Question

X is the time in hours required to find a bug in a software system. Assume that X is normally distributed with mean of 3 and standard deviation of 5. What is the lowest time limit in which 95% of the bugs can be found

Answer 1

Answer:

The lowest time limit in which 95% of the bugs can be found is 11.22 hours.

Step-by-step explanation:

We are given that X is the time in hours required to find a bug in a software system. Assume that X is normally distributed with mean of 3 and standard deviation of 5.

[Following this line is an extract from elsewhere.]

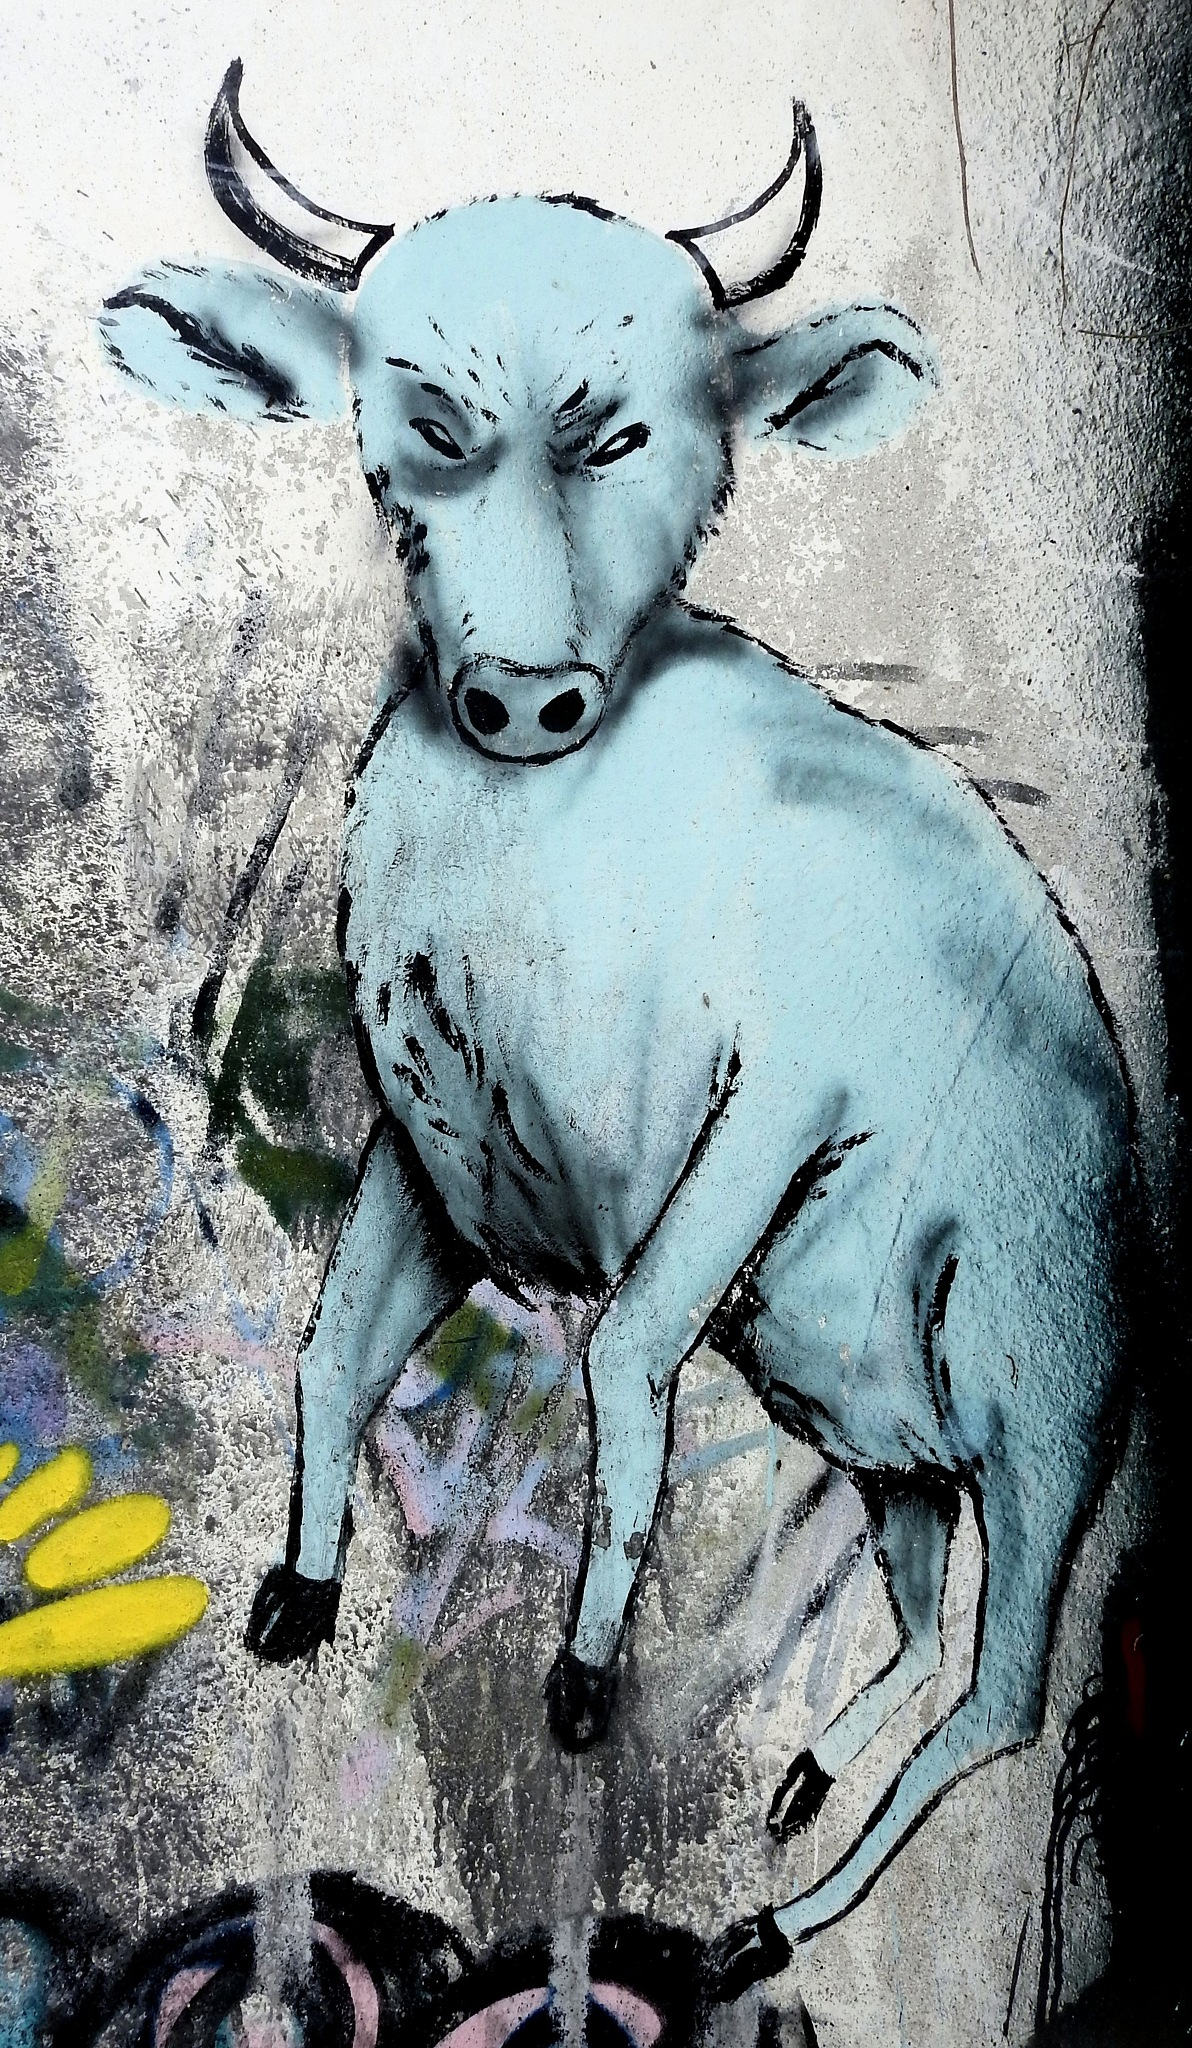 Napoli via Cupa del Poligono [Cavalleggeri d'Aosta] - The Blue Bull - 2 by Arnaldo De Lisio

So, X = time in hours required to find a bug in a software system

X ~ N($\mu = 3, \sigma = 5^{2}$)

The z score probability distribution is given by;

            Z = $\frac{X-\mu}{\sigma}$ ~ N(0,1)

where, $\mu$ = mean value

            $\sigma$ = standard deviation

Let the lowest time limit in which 95% of the bugs can be found = $x$

Now, we have to find the lowest time limit in which 95% of the bugs can be found, i.e.;

      P( $\frac{X-\mu}{\sigma}$ < $\frac{x-3}{5}$ ) = 0.95

      P(Z < $\frac{x-3}{5}$ ) = 0.95

Now, the critical value of $x$ in the z table which given an area of less than 95% is 1.6449, which means;

                $\frac{x-3}{5}$ = 1.6449

                 $x -3 = 1.6449 \times 5$

                    $x$ = 3 + 8.22 = 11.22

Therefore, the lowest time limit in which 95% of the bugs can be found is 11.22 hours.